Perdomo et al. (2025) conducted a recent study of early warning systems (EWS) for predicting the likelihood that an individual student will graduate public high school in Wisconsin. The idea of an early warning system is to identify students who are at increased dropout risk so that the school can allocate more resources to supporting those students.
Typical features \(\mathbf{X}\) used in a EWS include information about:
- The student: demographics and family background, health and mental health, grades, attendance, disciplinary record, etc.
- The student’s educational environment, which includes:
- The school: dropout rates at the school overall, class sizes, availability of support resources, average test scores, etc.
- The district: funding levels, median income, district-wide dropout rates, etc.
The typical target \(\mathbf{y}\) is a binary variable describing whether or not the student drops out of high school rather than graduating on time. A typical prediction is a risk score, of which a probability like \(\mathbf{q}\) from our discussion of logistic regression is an example. Schematically, we can write a prediction of the model like this:
\[
\begin{aligned}
q(\mathbf{x}_{\text{student}}, \mathbf{x}_{\text{environment}})\;,
\end{aligned}
\]
where \(q\) could be calculated from its input features using logistic regression or one of many other methods. Let’s call this \(\mathcal{M}_\mathrm{individual}\).
In their extensive study, Perdomo et al. (2025) find some inconclusive evidence that the EWS system used in Wisconsin may have improved graduation rates by approximately 5% among students who received high risk scores, but that evidence was not statistically conclusive.

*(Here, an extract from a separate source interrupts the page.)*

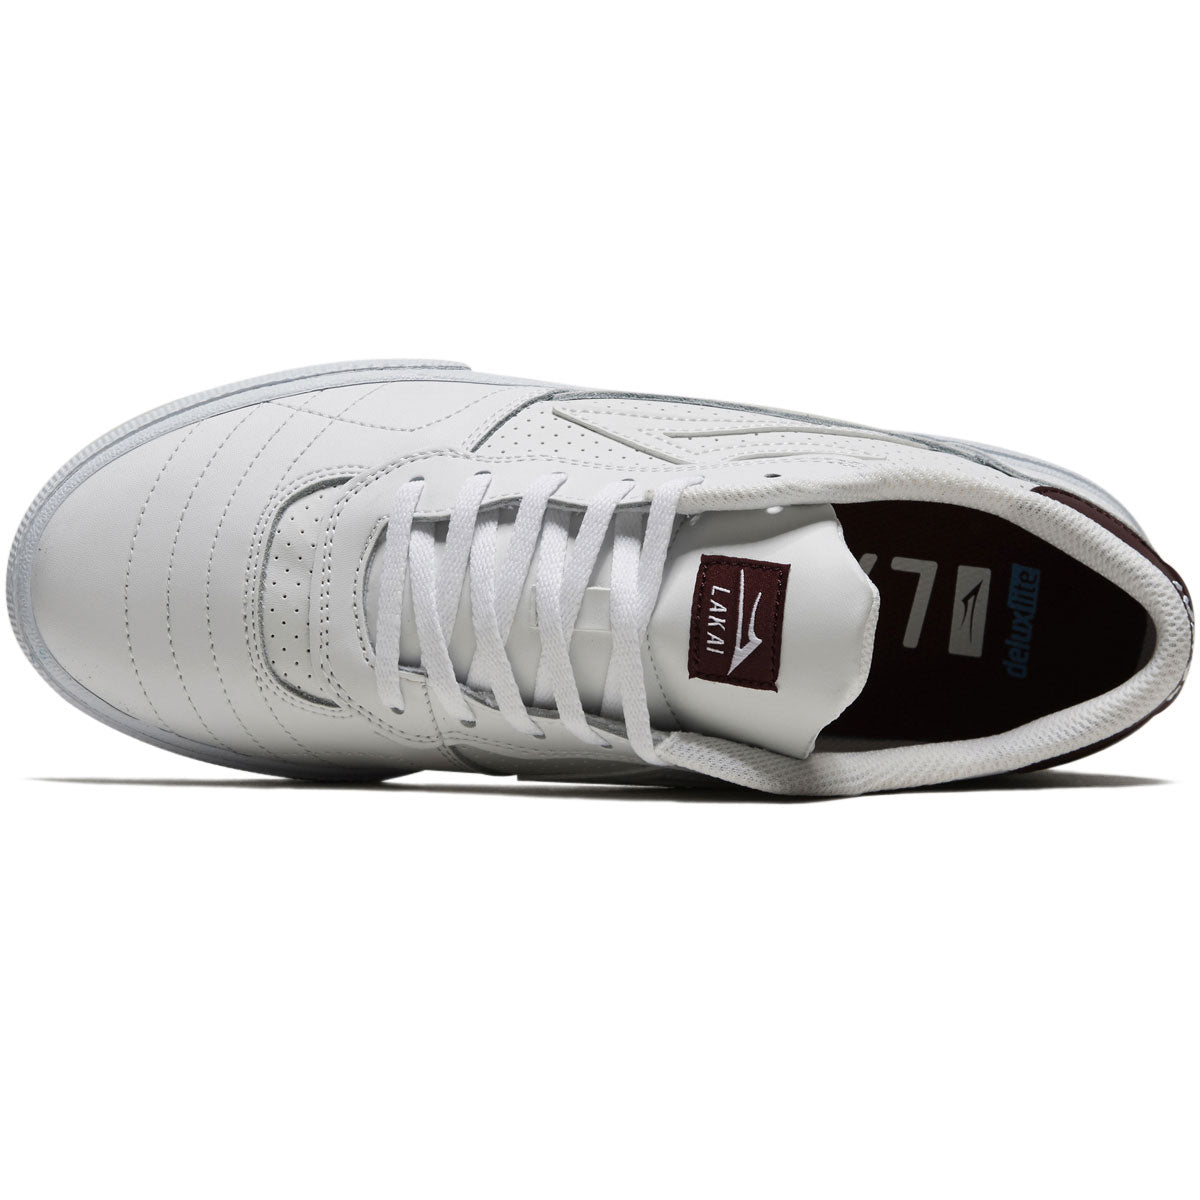 Lakai Cambridge Shoes - White/Burgundy image 3
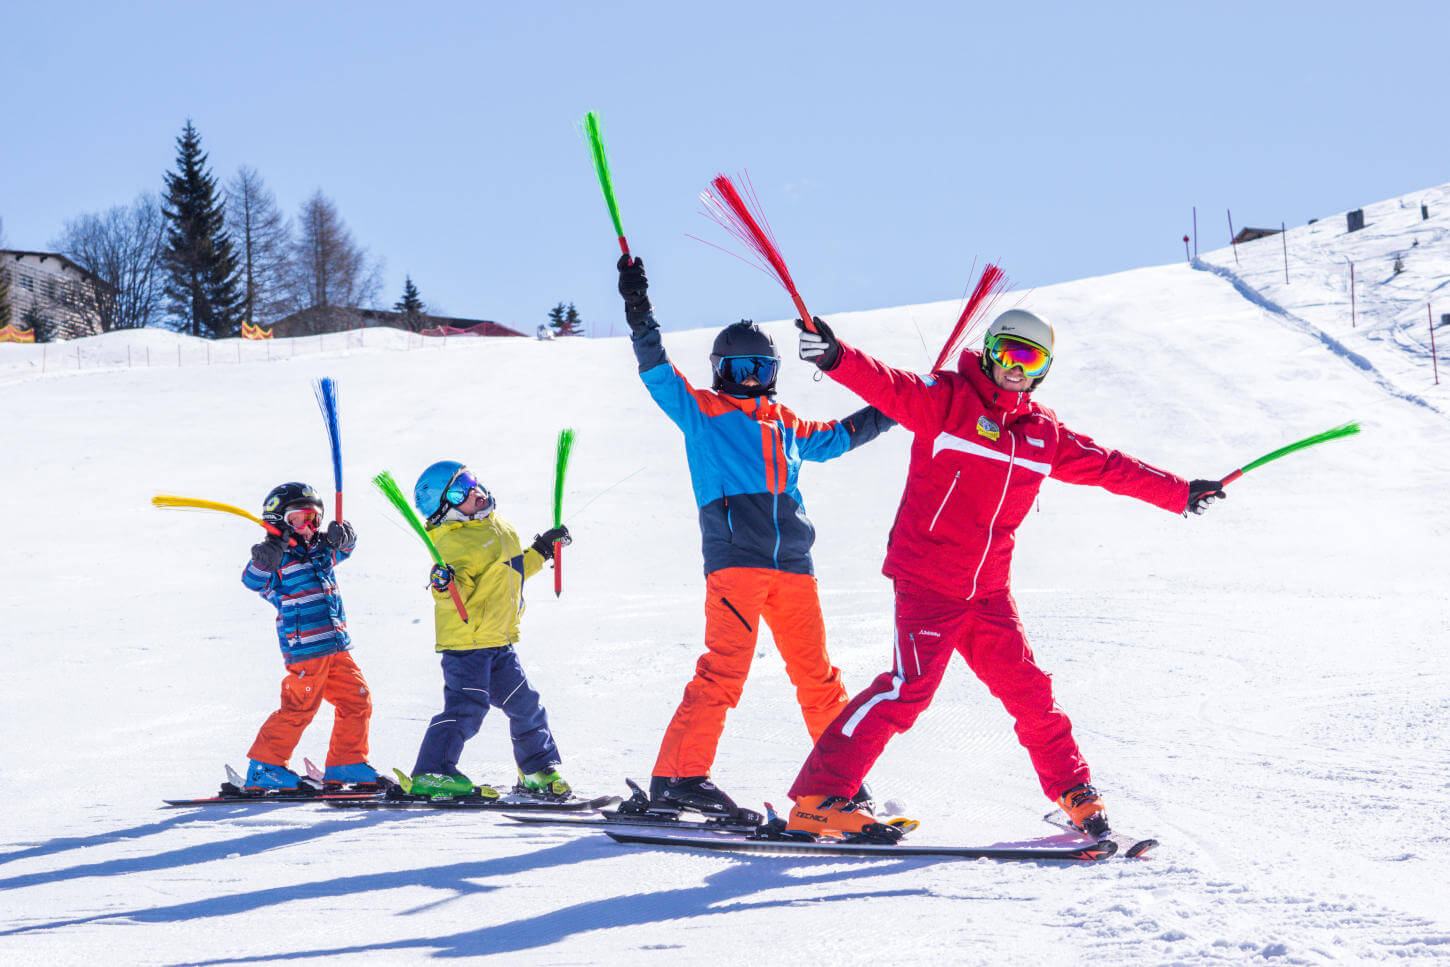 Familienskilehrer - Familienskitag - Familienausflug - Kinderskikurs - Skischule Gerlitzen - Filiale Feuerberg

Environmental Risk Scores and Unnecessary Personalization
A purported feature of \(\mathcal{M}_\mathrm{individual}\) is that it produces personalized, individual risk scores which aim to give the probability that an individual student will drop out of high school. However, Perdomo et al. (2025) find that the personalization of \(\mathcal{M}_\mathrm{individual}\) is largely unnecessary, writing:
Are individual risk scores necessary for effectively targeting interventions? Our analysis shows that if we already know these environmental features, incorporating individual features into the predictive model only leads to a slight, marginal improvement in identifying future dropouts…That is, intervening on students identified as being at high risk by this alternative, environmental-based targeting strategy would have the same aggregate effect on high school graduation rates in Wisconsin as the individually-focused DEWS predictions.
The authors develop and test an alternative model \(\mathcal{M}_{\mathrm{environmental}}\) which uses only environmental features. They find that \(\mathcal{M}_{\mathrm{environmental}}\) yields almost the same predictions as the individualized \(\mathcal{M}_{\mathrm{individual}}\), and that the result of using \(\mathcal{M}_{\mathrm{environmental}}\) to allocate resources to students would have an almost identical impact on graduation rates.
Is my result plausible?
If your classifier is giving you a result that would shock you if you read it in a newspaper or seems like something out of a dystopian scifi novel, then you should ask yourself some careful questions about the design of your study and especially about the structure of your training data. Here’s a case study by Carl Bergstrom and Jevin West about Wu and Zhang (2016), a paper which purports to show that people’s facial features can be used to predict whether or not those people will commit a crime.
Perdomo, Juan Carlos, Tolani Britton, Moritz Hardt, and Rediet Abebe. 2025.
“Difficult Lessons on Social Prediction from Wisconsin Public Schools.” In
Proceedings of the 2025 ACM Conference on Fairness, Accountability, and Transparency, 2682–2704. Athens Greece: ACM.
https://doi.org/10.1145/3715275.3732175.
Savcisens, Germans, Tina Eliassi-Rad, Lars Kai Hansen, Laust Hvas Mortensen, Lau Lilleholt, Anna Rogers, Ingo Zettler, and Sune Lehmann. 2024. “Using Sequences of Life-Events to Predict Human Lives.” Nature Computational Science 4 (1): 43–56.
Wu, Xiaolin, and Xi Zhang. 2016. “Automated Inference on Criminality Using Face Images.” arXiv Preprint arXiv:1611.04135 4.